### Exercise goal
Skip any image you find and restate the rest of the data word for word.

### Stored data
--------------------

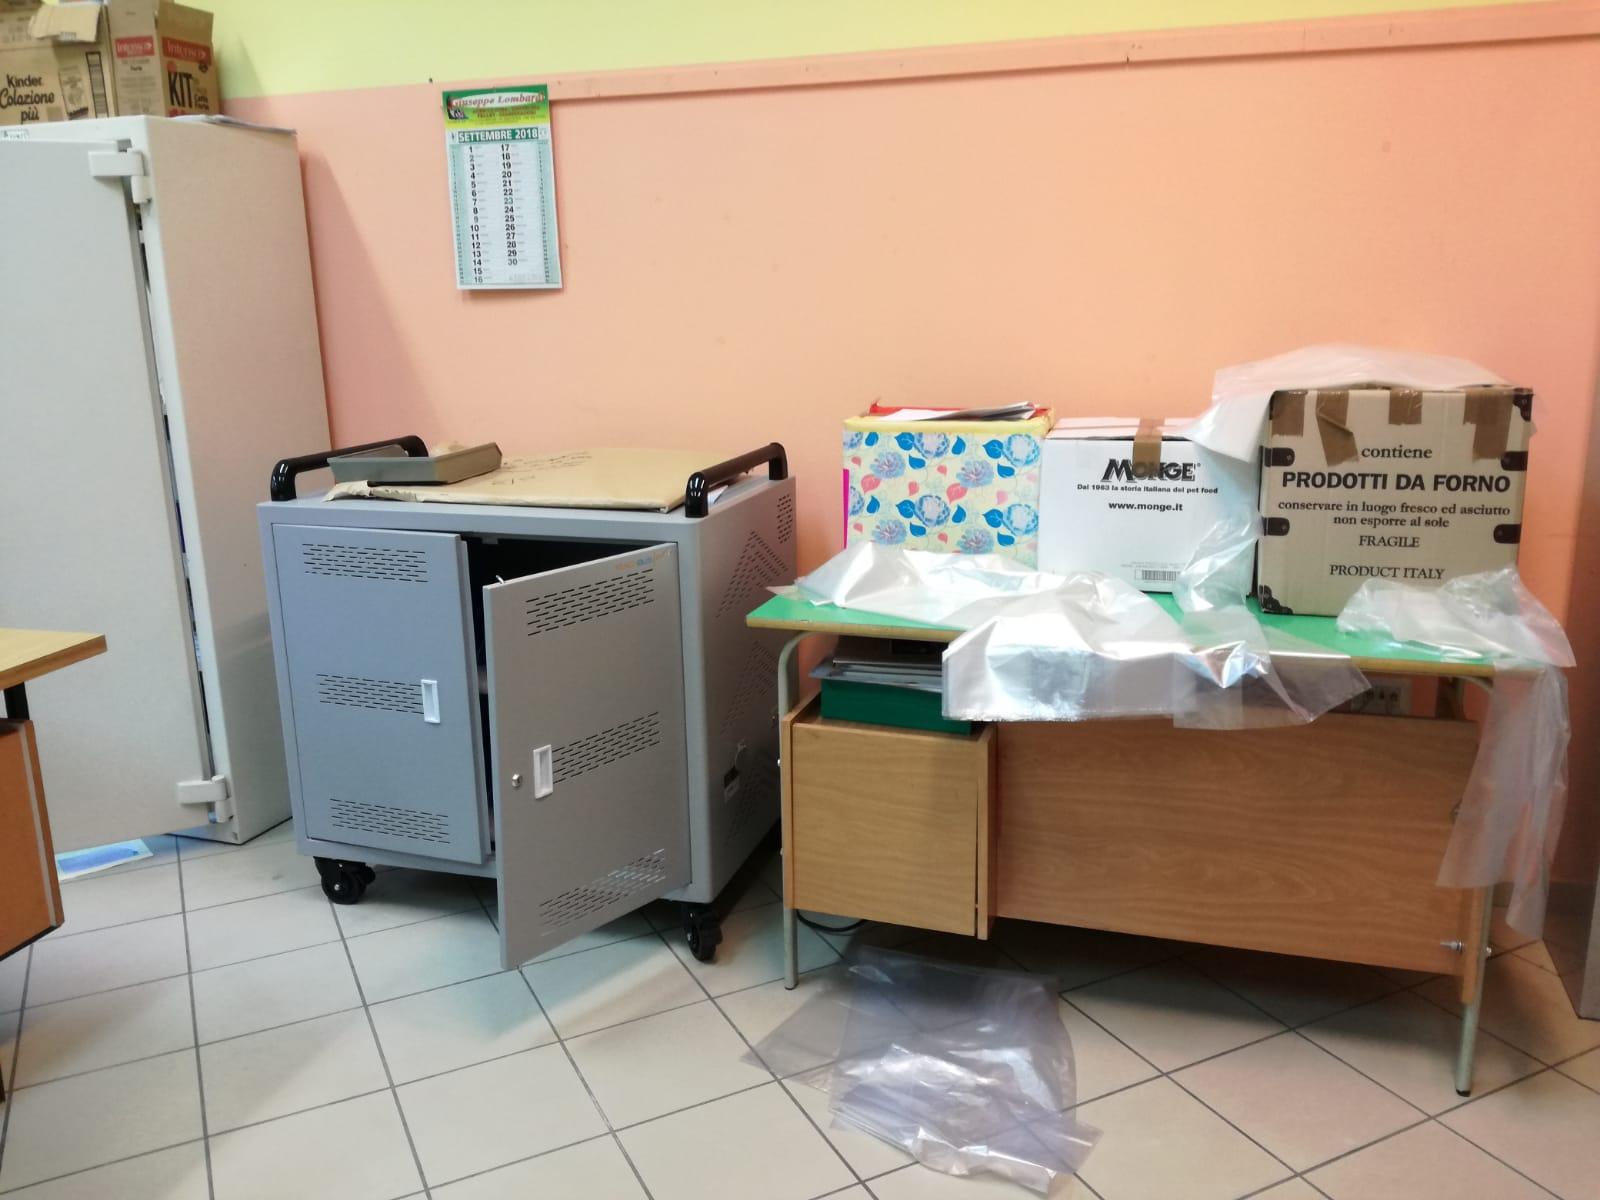 Colli a Volturno: ladri in azione all'interno della scuola. Portati via 19 computer portatili. Indagini in corso dei Carabinieri.
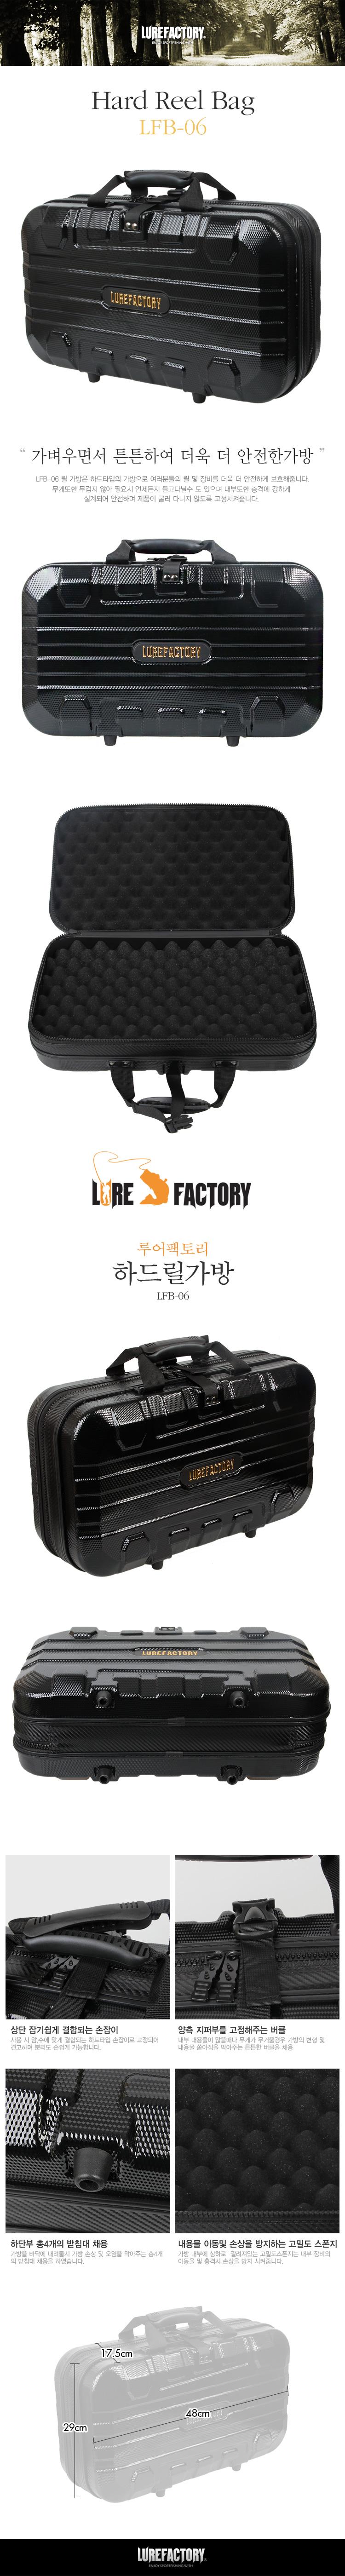 루어팩토리 릴보관 하드가방 (LFB-06)  [스피닝/베이트릴/카메라 등 보관케이스]
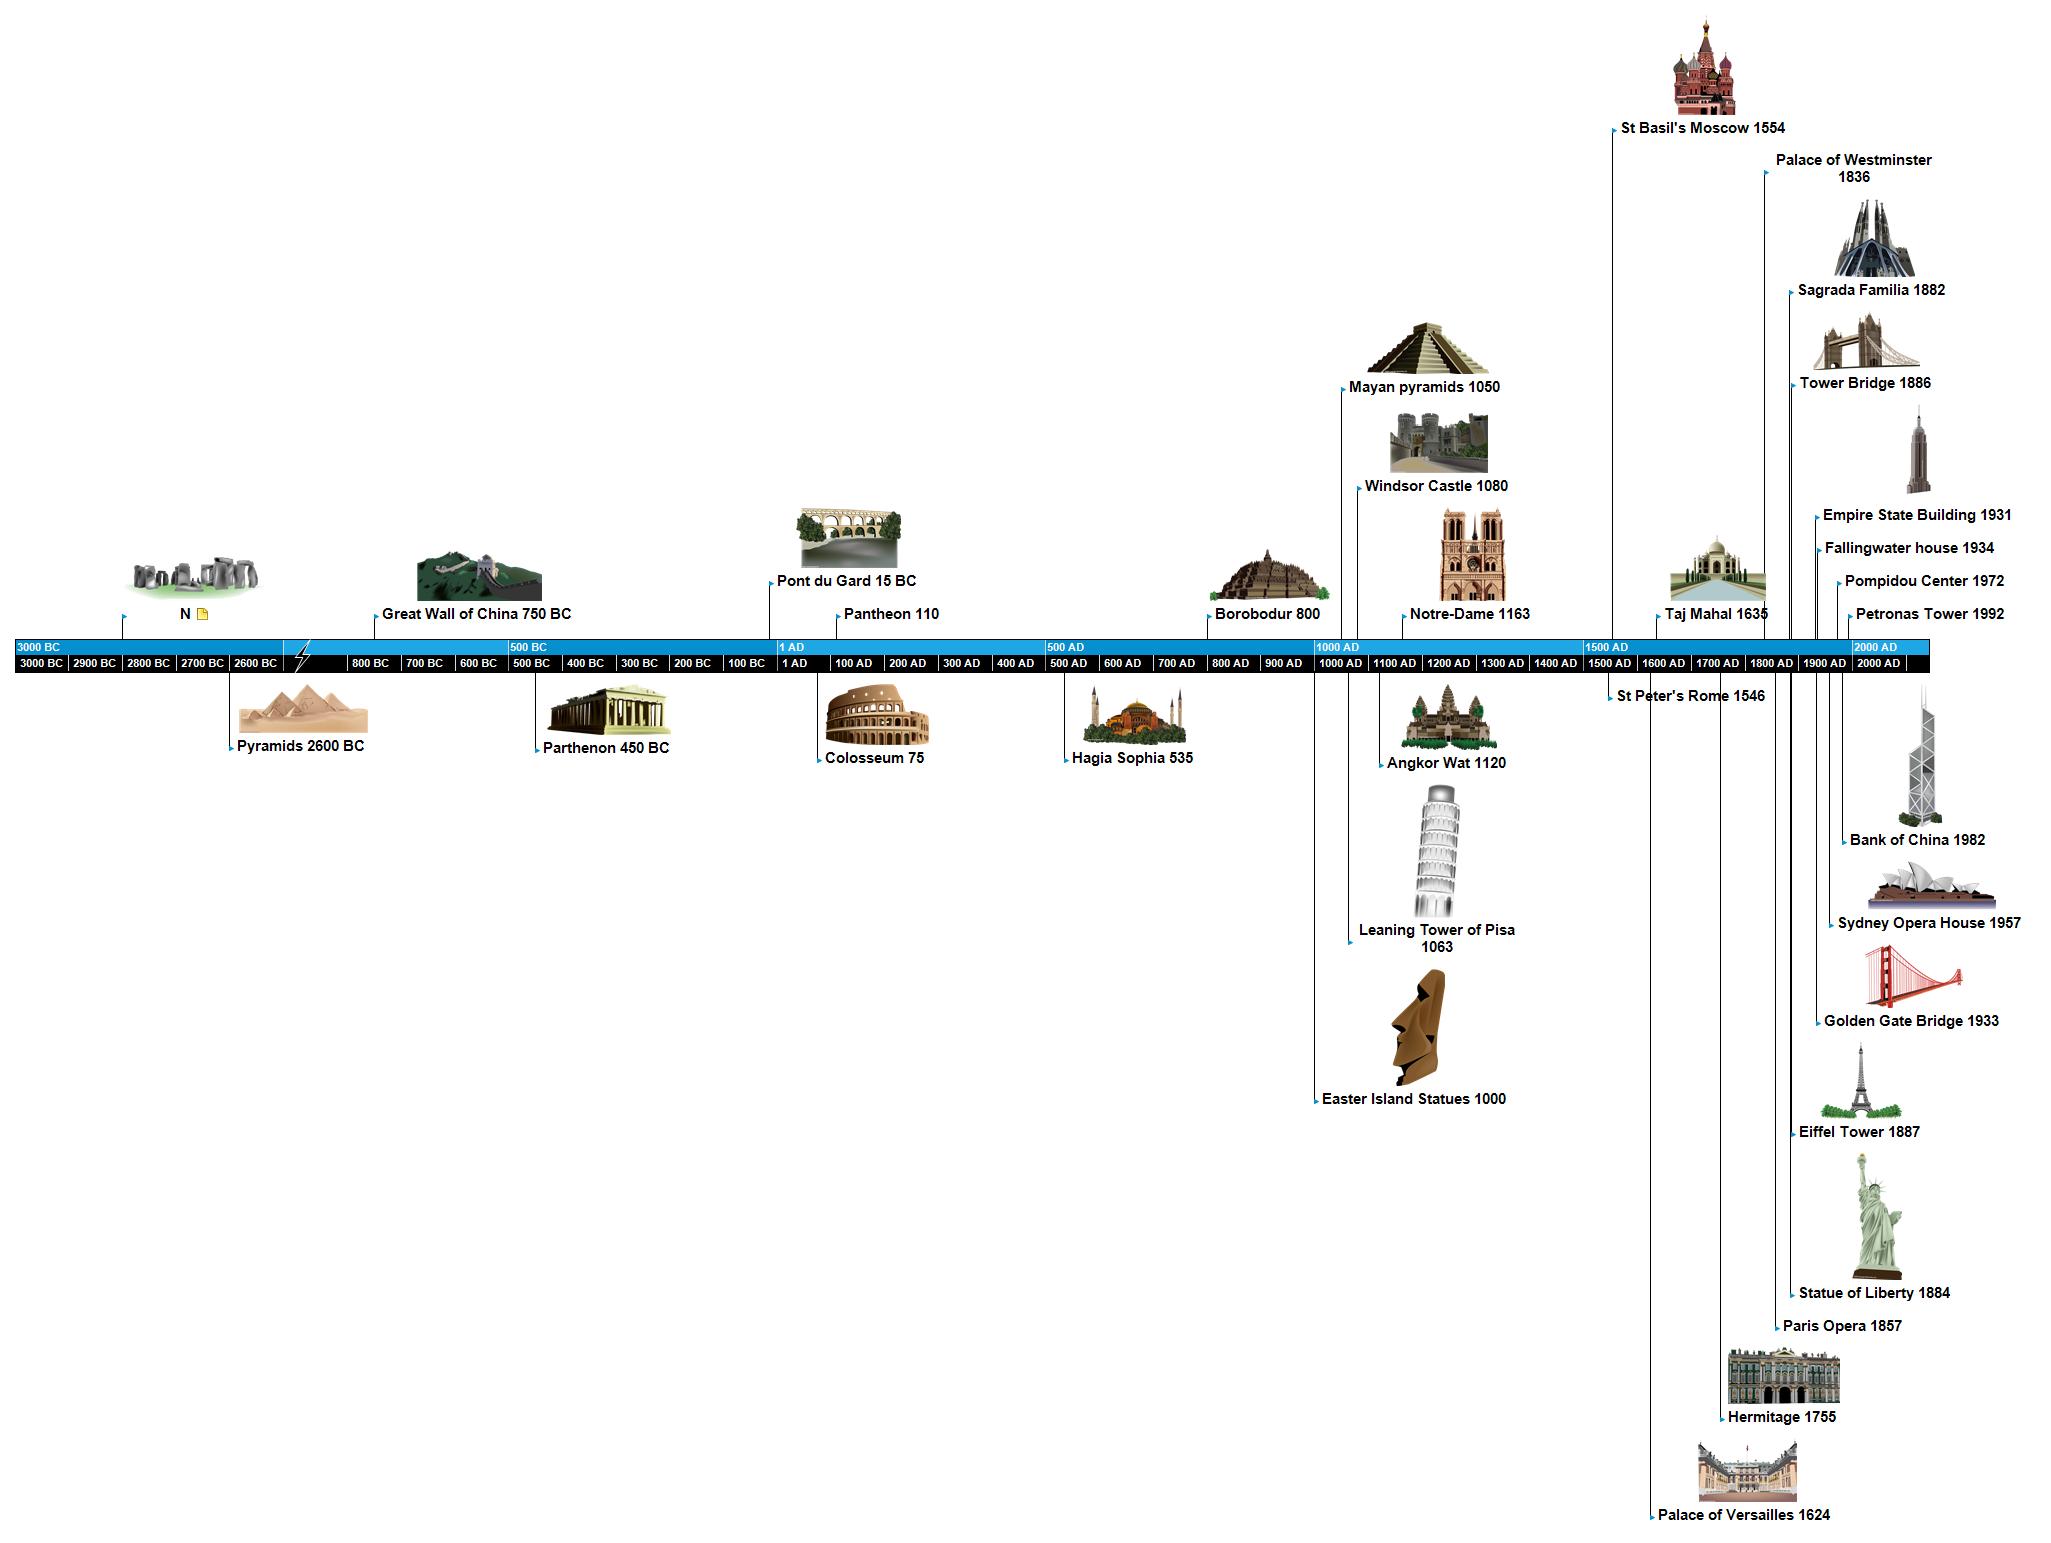 Famous Buildings Timeline

--------------------

### Expected answer
 Colli a Volturno: ladri in azione all'interno della scuola. Portati via 19 computer portatili. Indagini in corso dei Carabinieri.
 루어팩토리 릴보관 하드가방 (LFB-06)  [스피닝/베이트릴/카메라 등 보관케이스]
 Famous Buildings Timeline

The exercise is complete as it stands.